Kerryon Johnson, Detroit Lions (70% rostered)
It wasn’t the matchup. While Adrian Peterson turned back the clock against the Bears (14 carries for 93 yards), Kerryon had us checking our watches to see when we could cut him. He played on 26% of snaps and had seven rush attempts and zero targets (Swift took the RB targets). He totaled 14 yards. Truly awful and his stock has plummeted through the floor.
Tevin Coleman, San Francisco 49ers (69% rostered)
I told everyone who would listen that Jerick McKinnon was the second back to own in San Francisco, but people routinely plucked Coleman off their draft boards, much to my chagrin. He can chip in 3-4 fantasy points in a given week, but San Francisco has two clearly better backs on their roster. Coleman was a game-time decision from the fires raging and destroying the air quality (Coleman’s sickle cell anemia makes oxygen harder to find). It’s not that he didn’t really play, it’s that when he did play, he clearly ranked third among the 49ers running backs. He ripped through a wide-open hole for ten yards but managed just eight yards on his other three carries. I can understand pushback on this one, but you’ll pull this ripcord sooner or later.
Marlon Mack, Indianapolis Colts (64% rostered)
Easy drop, Mack tore his Achilles and is out for the season.
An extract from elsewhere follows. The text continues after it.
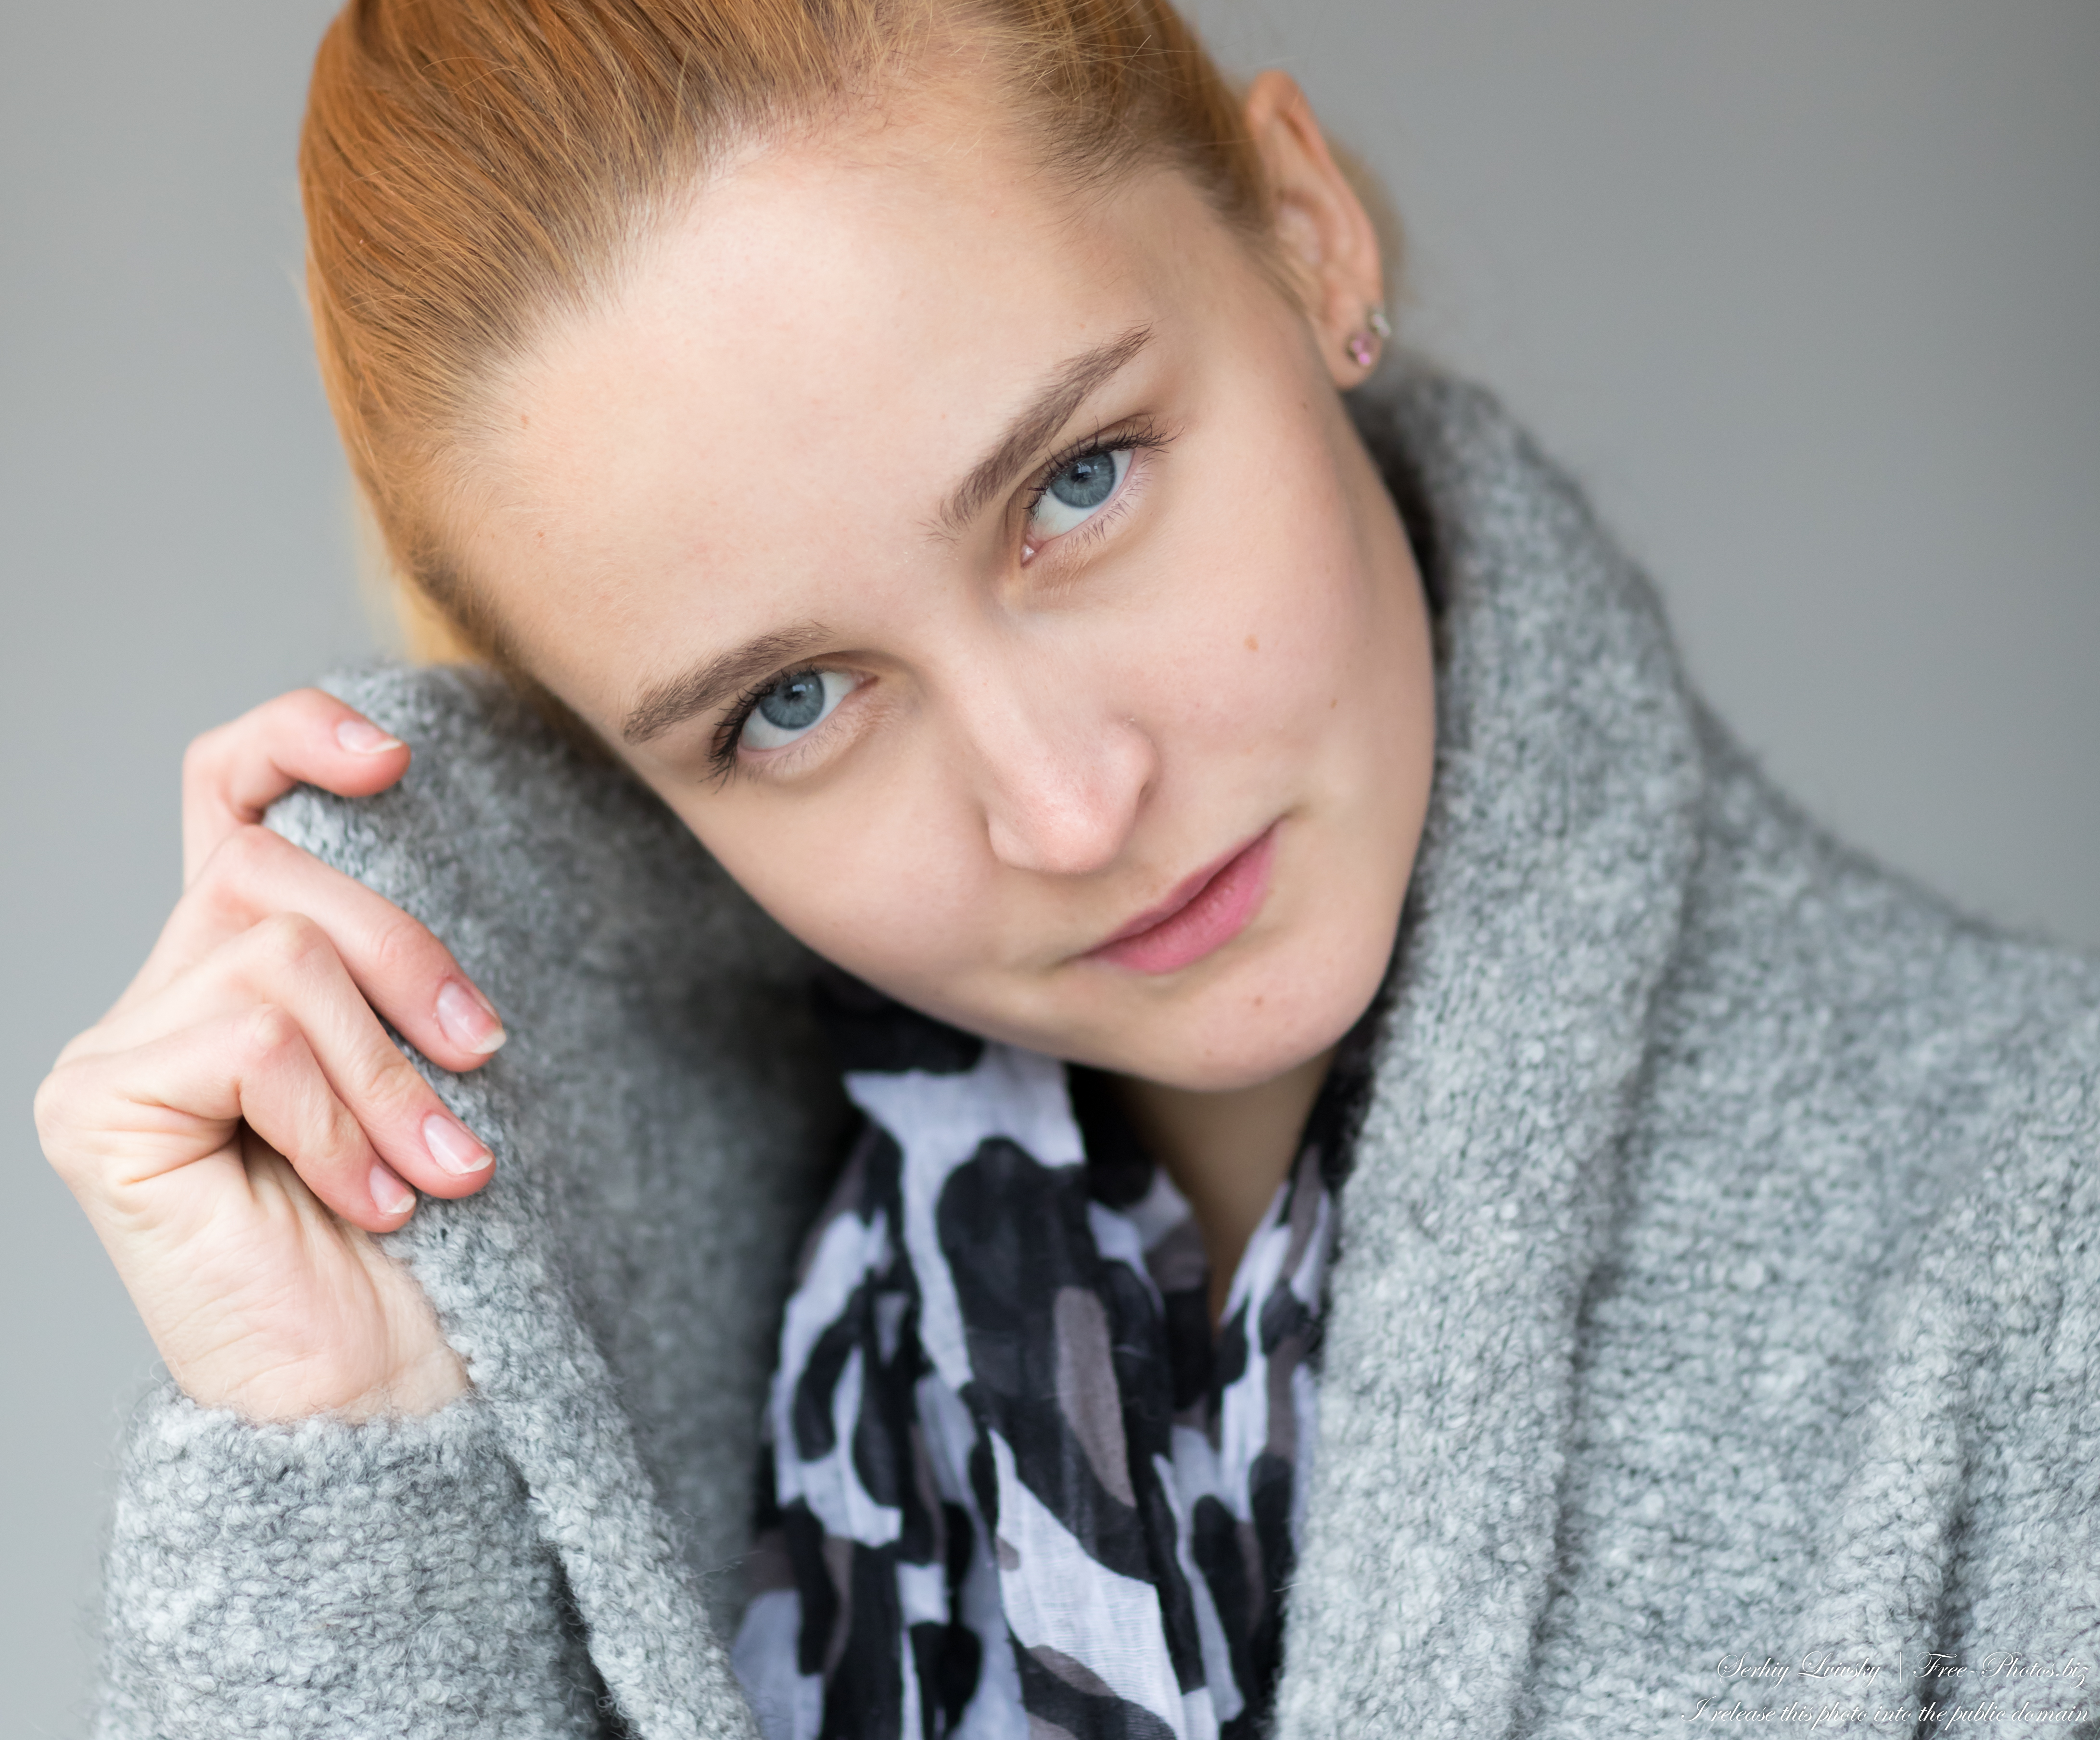 Ksenia - a 25-year-old girl with blue eyes and dyed hair photographed in November 2021 by Serhiy Lvivsky, portrait 4

This note is here in case you didn’t see that he popped his Achilles or had machinations of holding on to him. He’s done for the year, and even if he performs a miracle and returns from IR at some point, he’s clearly the third fiddle to Nyheim Hines and Jonathan Taylor.
Mack will be a free agent in the 2020 offseason and has likely played his last down for the Colts. It’s a shame to see him go out this way, as he threatened to make that backfield extremely interesting. He looked good and efficient for the Colts before going down, turning seven touches on eleven snaps into 56 yards.
Boston Scott, Philadelphia Eagles (56% rostered)
This is an “if you’re in a bind, soft-drop” of Boston Scott. He left Sunday’s game with a mystery injury, but he then returned. The Eagles, as mentioned above, are a mess right now, and Miles Sanders might return this weekend. I’m not much interested in Scott right now, though I am interested in what his injury might be. Hang onto him if you can, but I’ll take Nyheim Hines over him, for example.
Darrell Henderson, L.A. Rams (43% rostered)
The Rams employed a three-headed backfield Sunday against the Cowboys. Sort of the same way your mom deployed three kids, but your brother and sister are successful while you read about Darrell Henderson in the middle of the afternoon on a Tuesday. He played five snaps, mustering six yards on three carries. The Rams drafted Cam Akers to replace him, and appear to have replaced Cam Akers with Malcolm Brown already. Cut Henderson and never look back.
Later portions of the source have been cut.